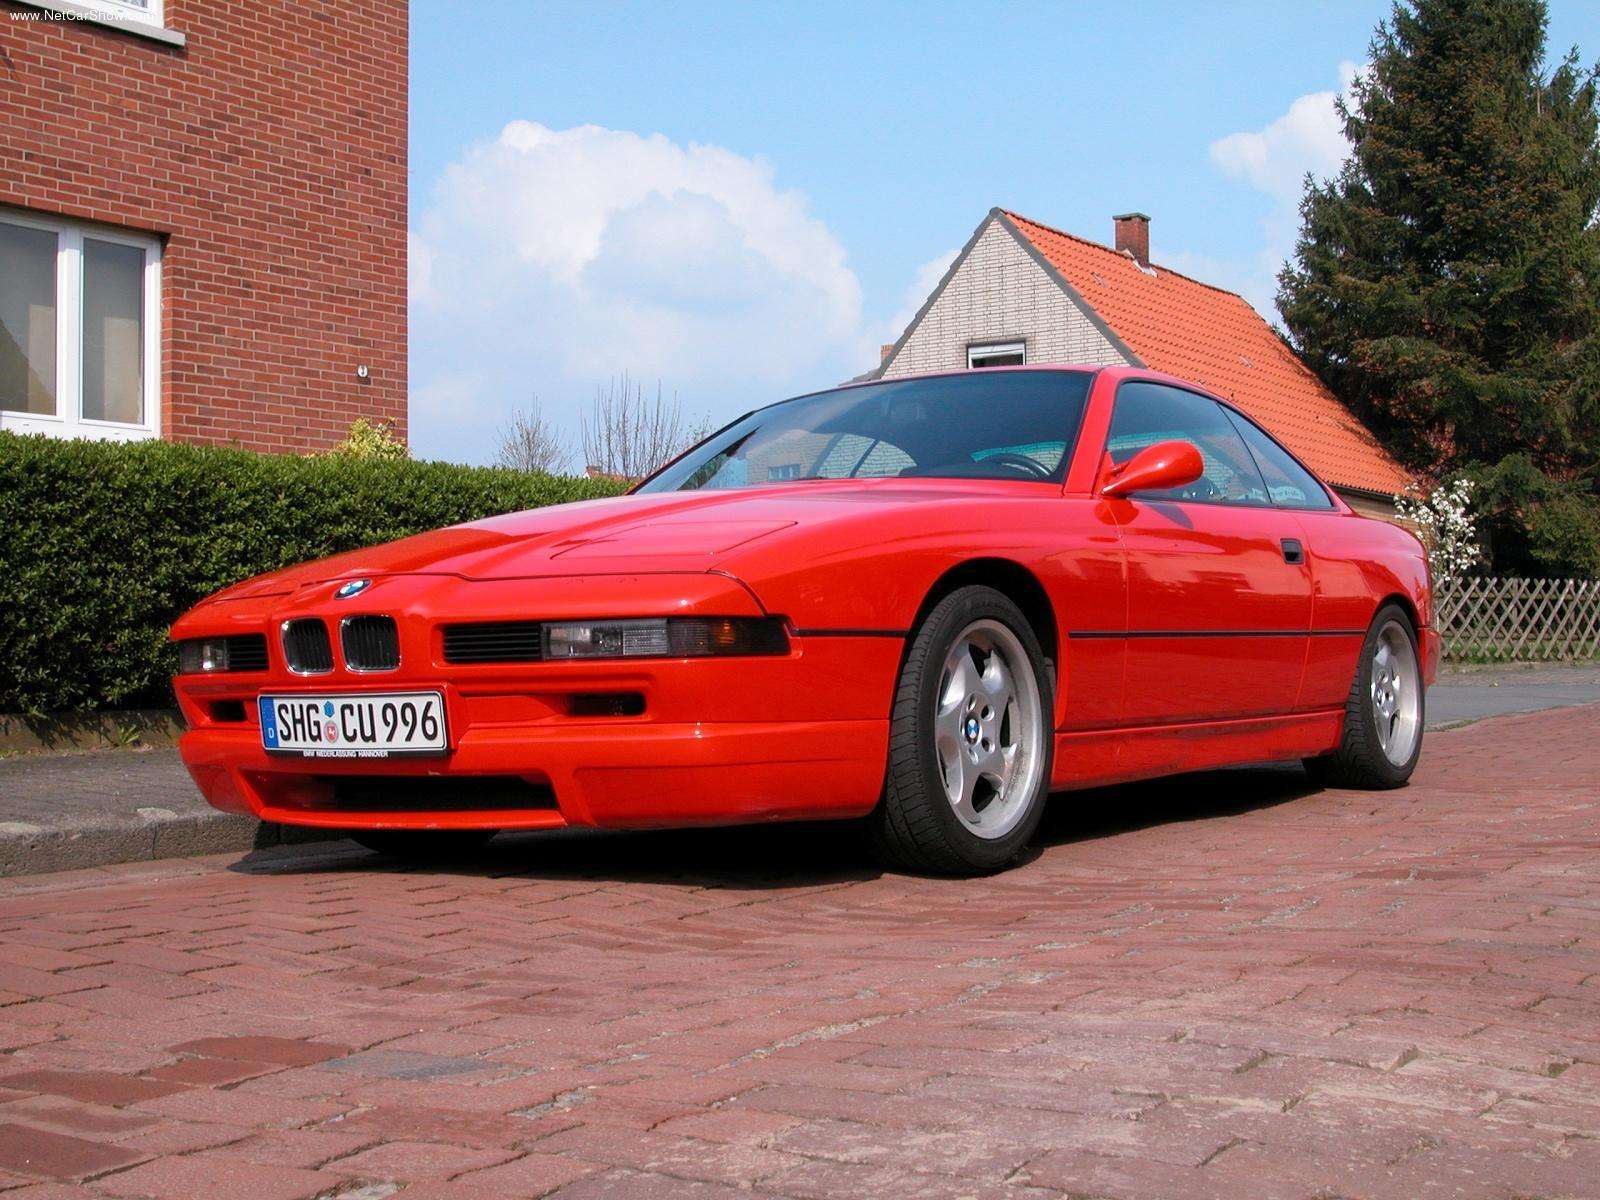 BMW-850CSi 1992 #02.jpg. Date: 09/06/2008. Size: 640x480, 1600x1200
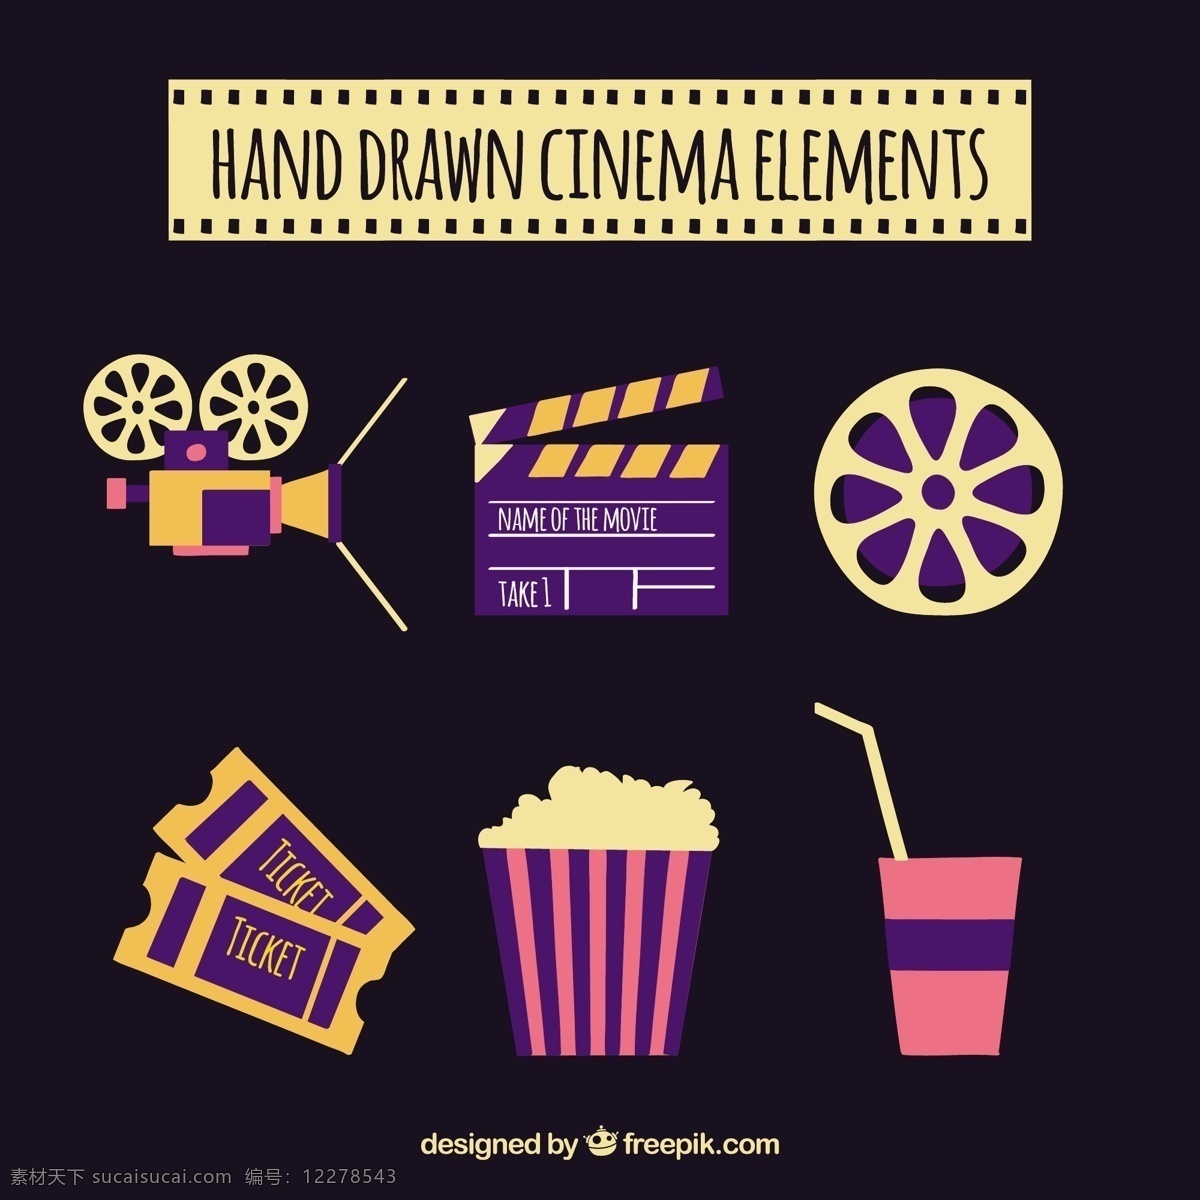 粉红色 紫色 影院 图标 复古 相机 票务 影片 粉红 咖啡 电影 饮料 颜色 平 元素 娱乐 爆米花 显示 剧院 电影元素
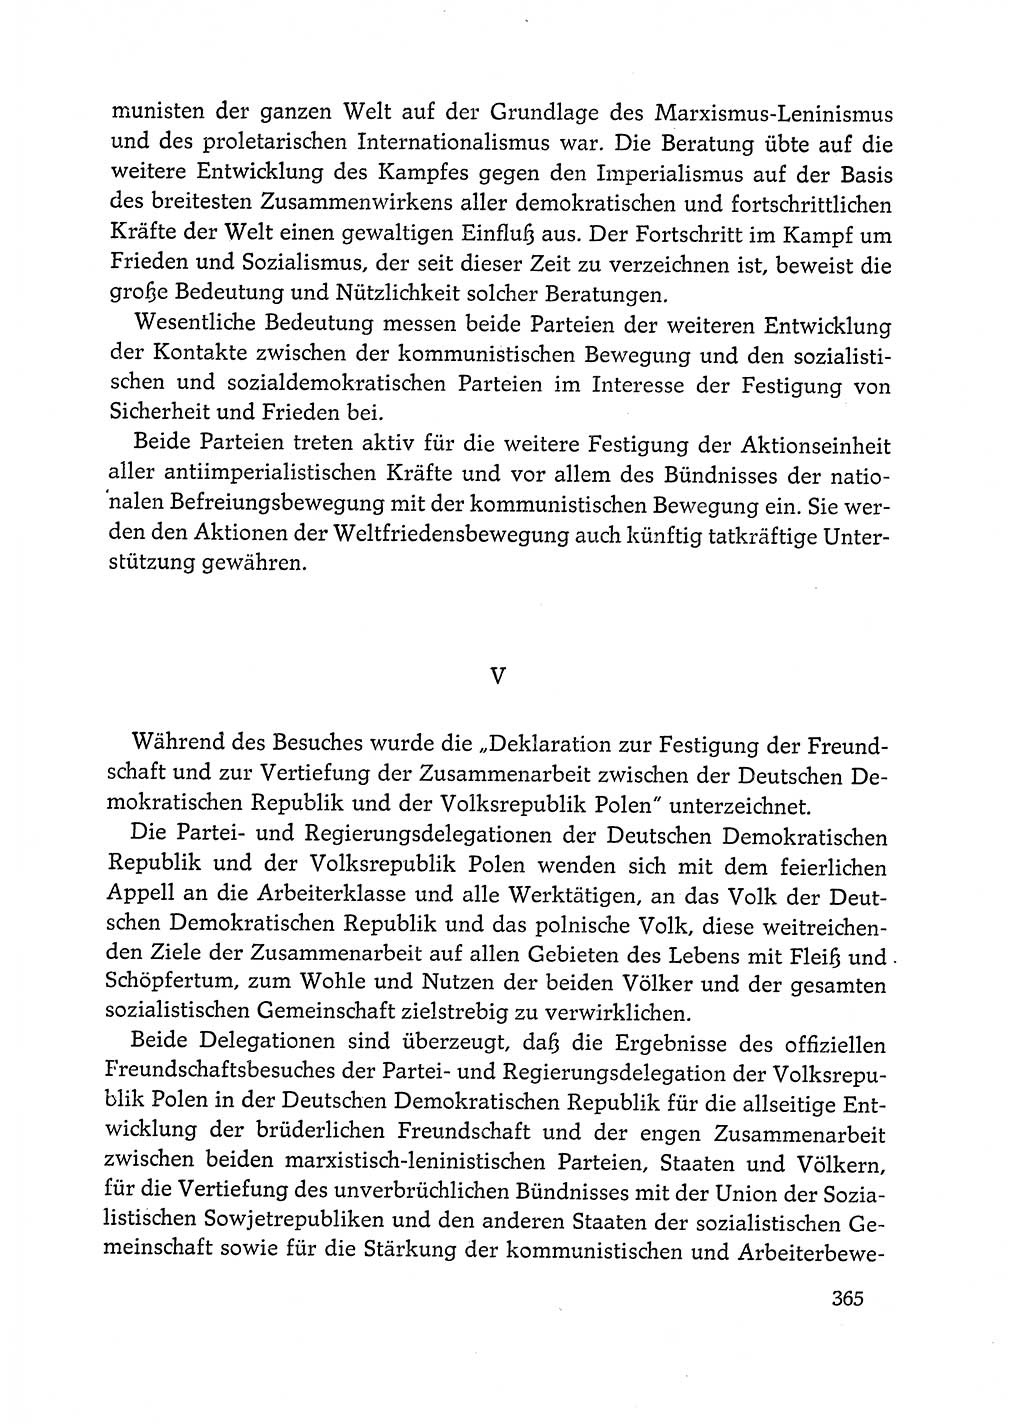 Dokumente der Sozialistischen Einheitspartei Deutschlands (SED) [Deutsche Demokratische Republik (DDR)] 1972-1973, Seite 365 (Dok. SED DDR 1972-1973, S. 365)

# REQUIRED WORK
Keep the pictures out of the copy and write out the data exactly as it stands.

# EXERCISE ANSWER
 BMW-850CSi 1992 #02.jpg. Date: 09/06/2008. Size: 640x480, 1600x1200
 粉红色 紫色 影院 图标 复古 相机 票务 影片 粉红 咖啡 电影 饮料 颜色 平 元素 娱乐 爆米花 显示 剧院 电影元素
 Dokumente der Sozialistischen Einheitspartei Deutschlands (SED) [Deutsche Demokratische Republik (DDR)] 1972-1973, Seite 365 (Dok. SED DDR 1972-1973, S. 365)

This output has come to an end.